多様な人がそれぞれに幸福に生きられる「インクルーシブな社会づくり」について考えるプロジェクト、MASHING UP。

第4回カンファレンスでは、“Well-being”をテーマに、様々な分野で活躍するスピーカー陣による多彩なトークセッションが展開された。

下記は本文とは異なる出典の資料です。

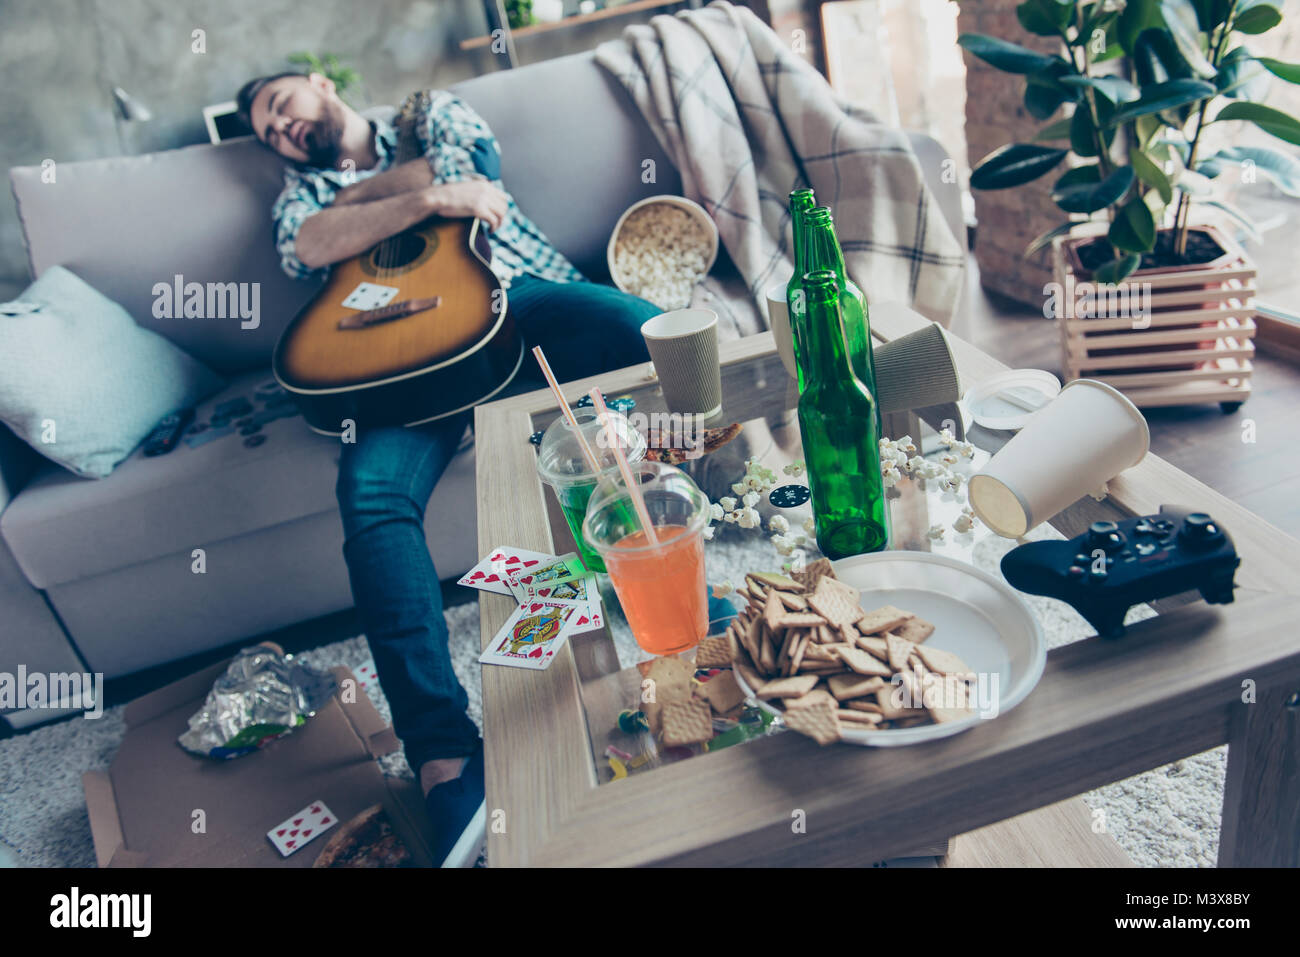 Nach der Party morgen, Bachelorette Party. Betrunken hipster umfasst eine akustische Gitarre schläft auf einem Sofa in unordentlichen voller Müll Zimmer Stockfoto

cococolorでは、参加を通じて得た学びを、レポートとして記事化させていただく。

 

■自分を大切にするってどういうこと?

「自分を大切にしよう」というスローガンを見た時、あなたは何を考えるだろうか?

・自分のことばかり考えるのは、わがままなのでは?

・大切にしたいと思うが、多忙な生活の中でその状態を維持することは難しい。

・大切にするということがどういうことかわからない。

・自分を大切にすれば、何がどう変化するのか?

etc.

「自分を大切にするってどういうこと?」のセッションでは、そういった疑問を検証するべく、検証骨形成不全症という骨の折れやすい障害を持ち「ママは身長100cm」の著者でもあるコラムニストの伊是名夏子氏(写真右)、周囲の人や刺激に敏感な気質であるHSP(Highly Sensitive Person)専門カウンセラーの武田友紀氏(写真下)、Fermataの中村寛子氏(写真左上)をモデレーターにワークショップが開催された。はじめに、武田氏により「HSP」についての説明がなされた。

中村氏(左上)/伊是名氏(右上)/武田氏(下)

©MASHINGUP

 

■HSPとは?

HSPとは、Highly Sensitive Personの略であり、直訳すると「とても敏感な人」のことである。これは病気や発達障害ではなく生まれ持った「気質」で、5人に1人がHSPであると言われている。「繊細」という言葉を聞くと「おとなしい」というような印象を抱きやすいが、よくしゃべる人や活発な人など多様なHSPの人がいる。最近ではテレビ番組のテーマで取り上げられたり、芸能人でHSPを公表する人がいるなど、HSPが身近になりつつある。武田氏はHSPを「繊細さん」と呼んでいる。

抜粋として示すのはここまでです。